__INFORMATION SHOWN__
###
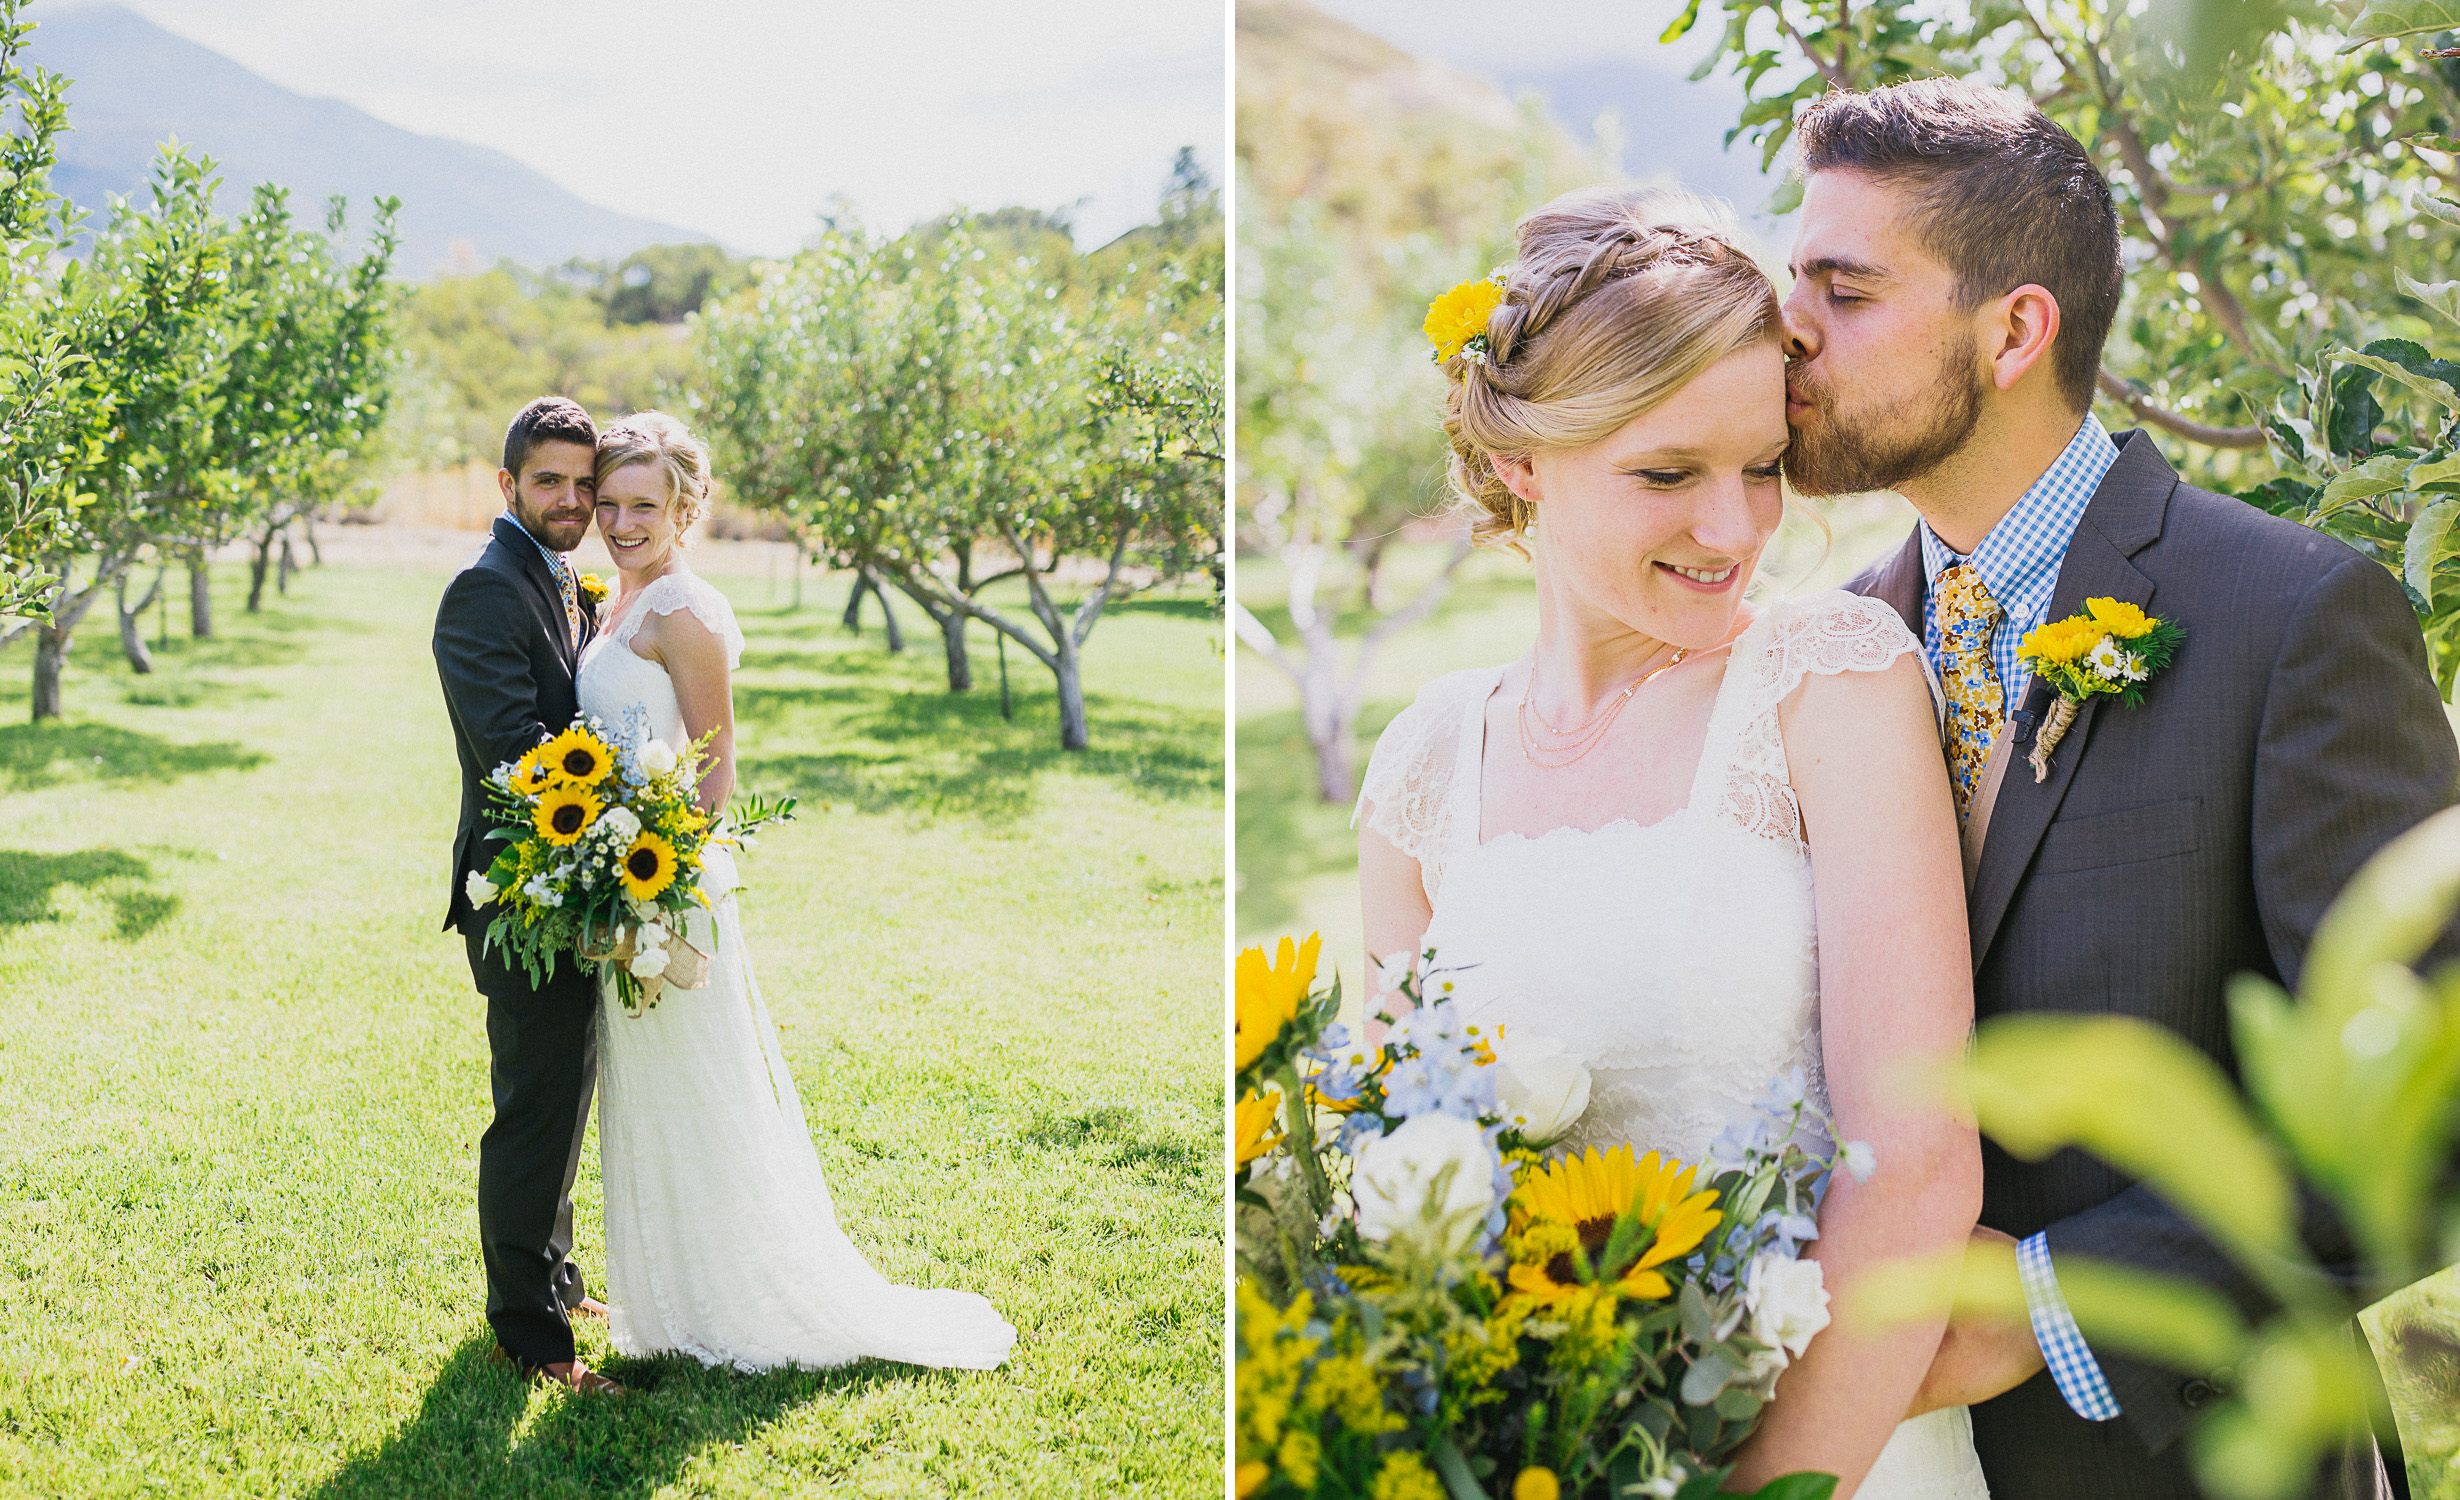 Salt-Lake-City-Wedding-Photographer-Utah-08.jpg
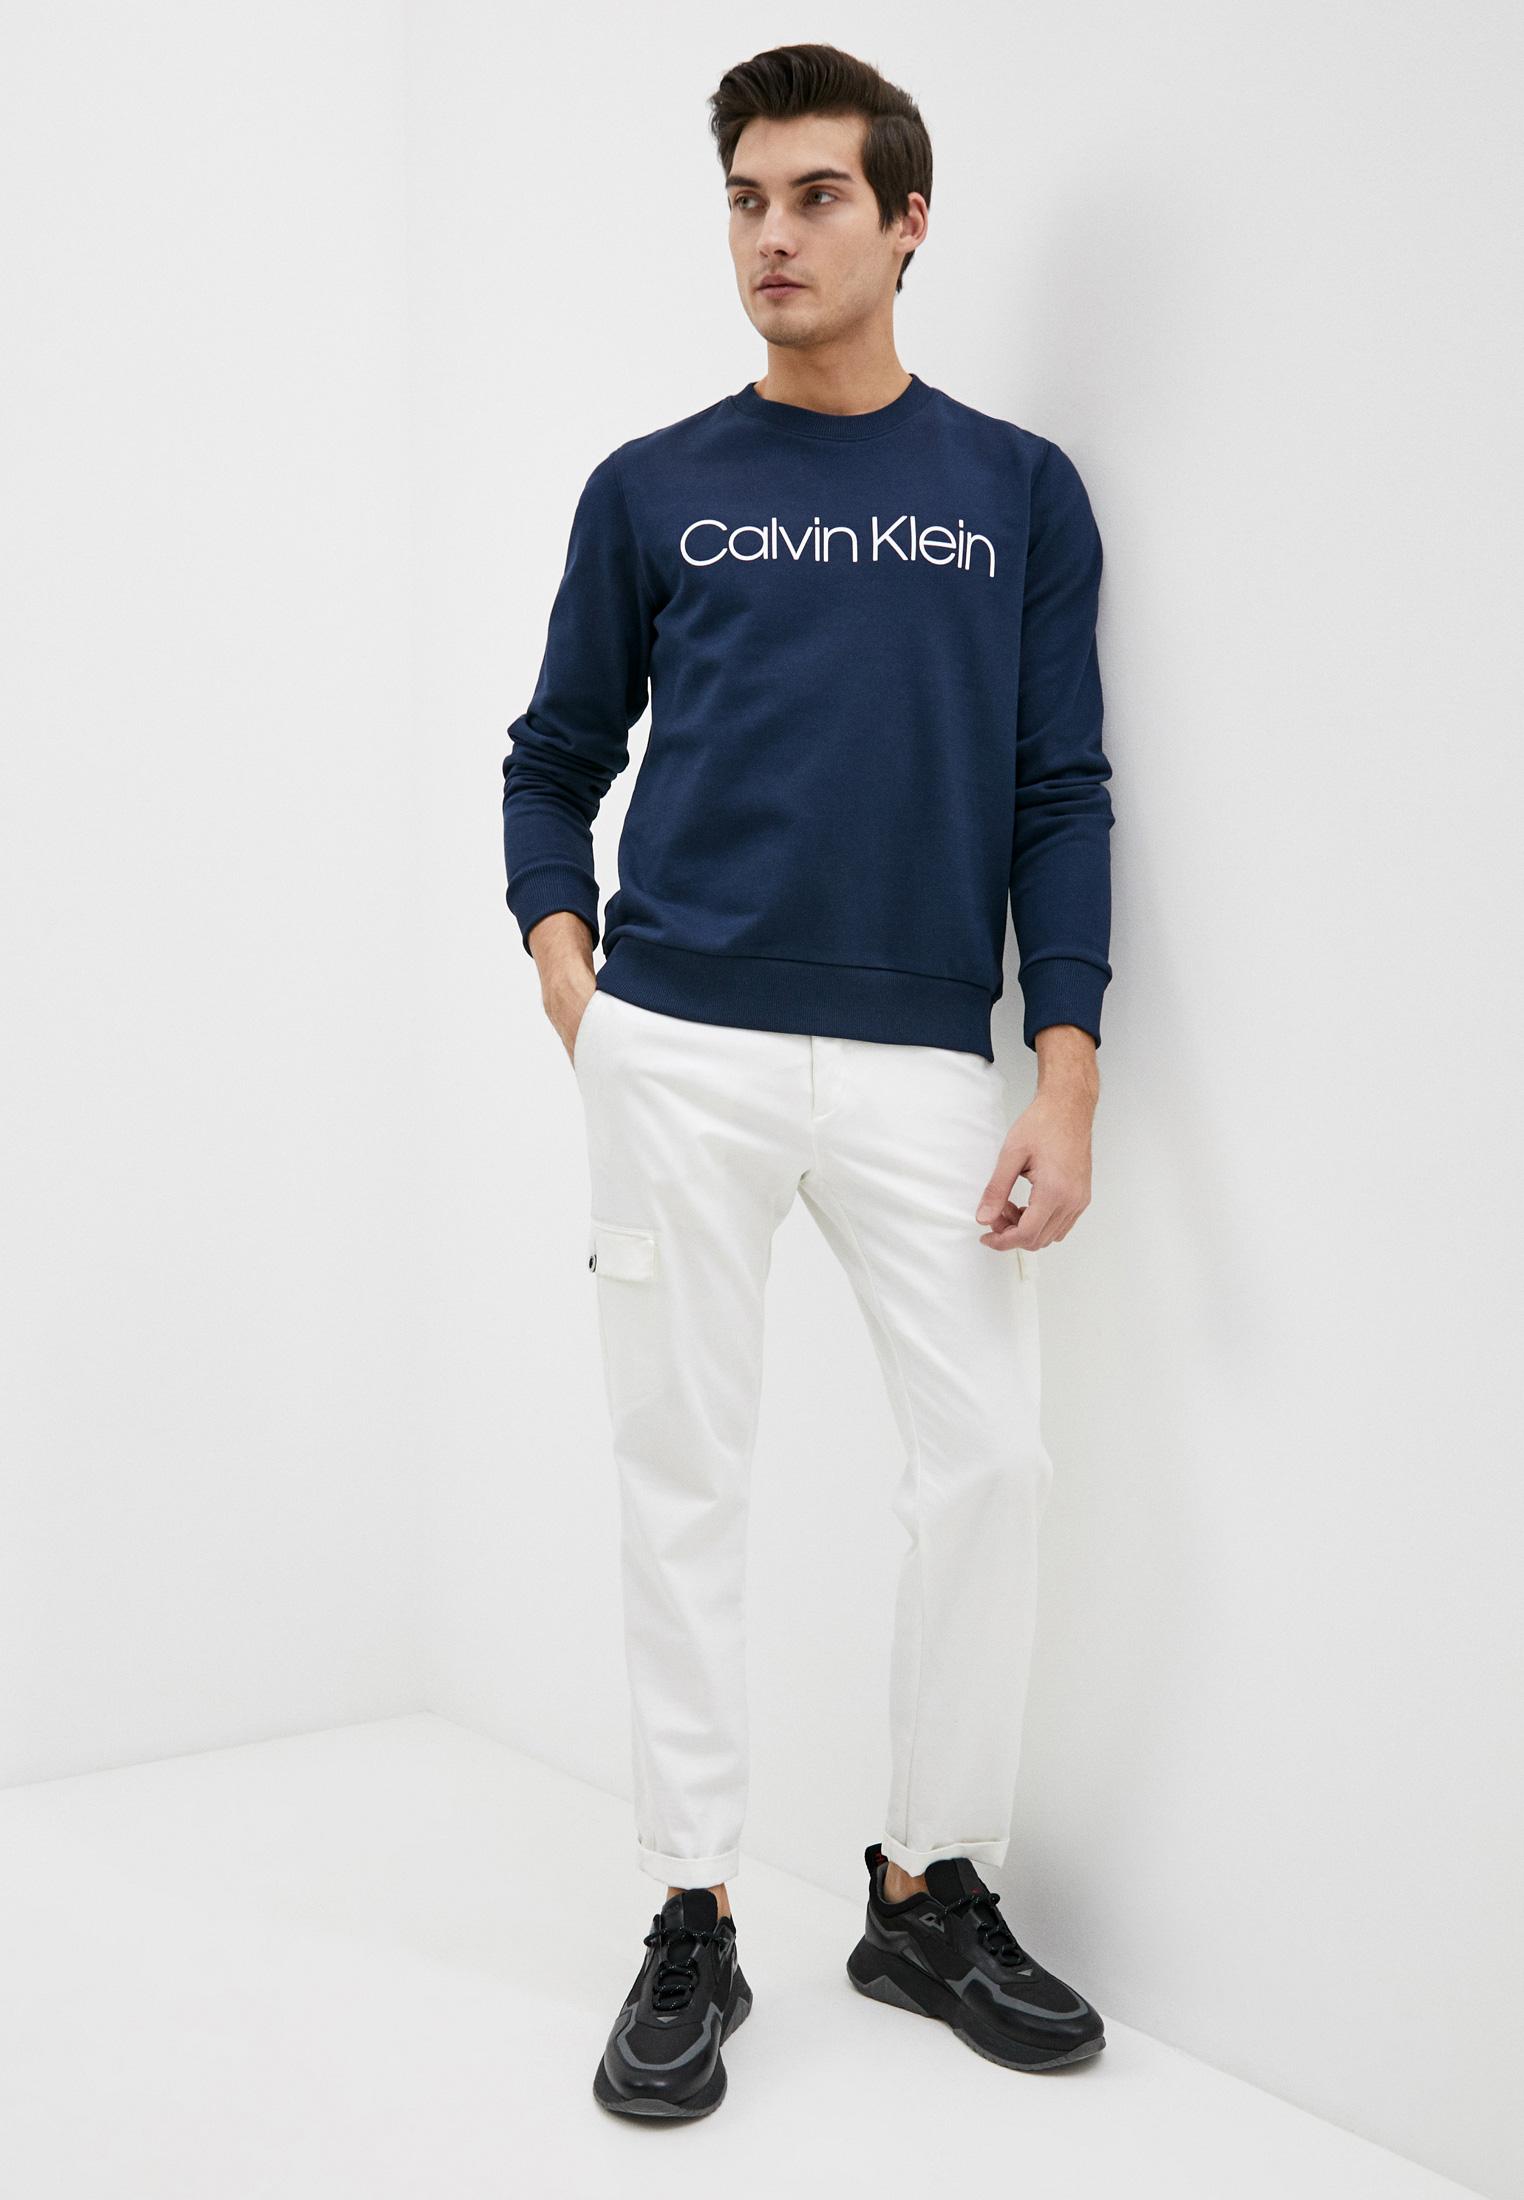 Свитер Calvin Klein (Кельвин Кляйн) k10k104059: изображение 2
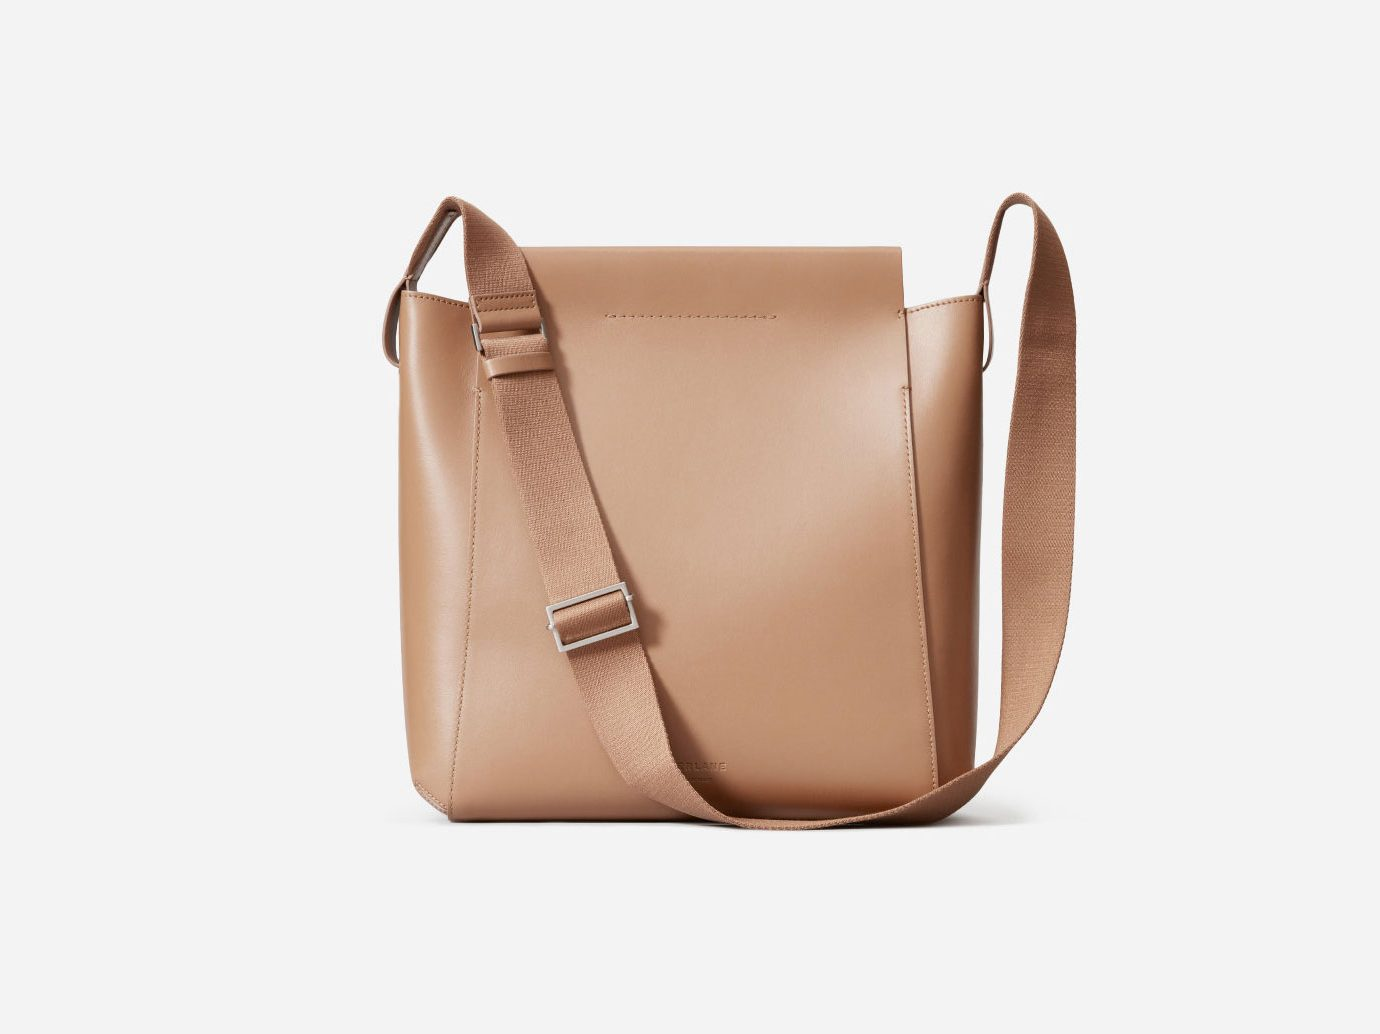 Everlane The Form Bag
###
All that should be printed is the lines from the one containing "Свитер Calvin Klein" through the last line of the material above, both ends included, exactly as they stand; please skip the pictures.

__RESULT OF THIS EXERCISE__
 Свитер Calvin Klein (Кельвин Кляйн) k10k104059: изображение 2
 Everlane The Form Bag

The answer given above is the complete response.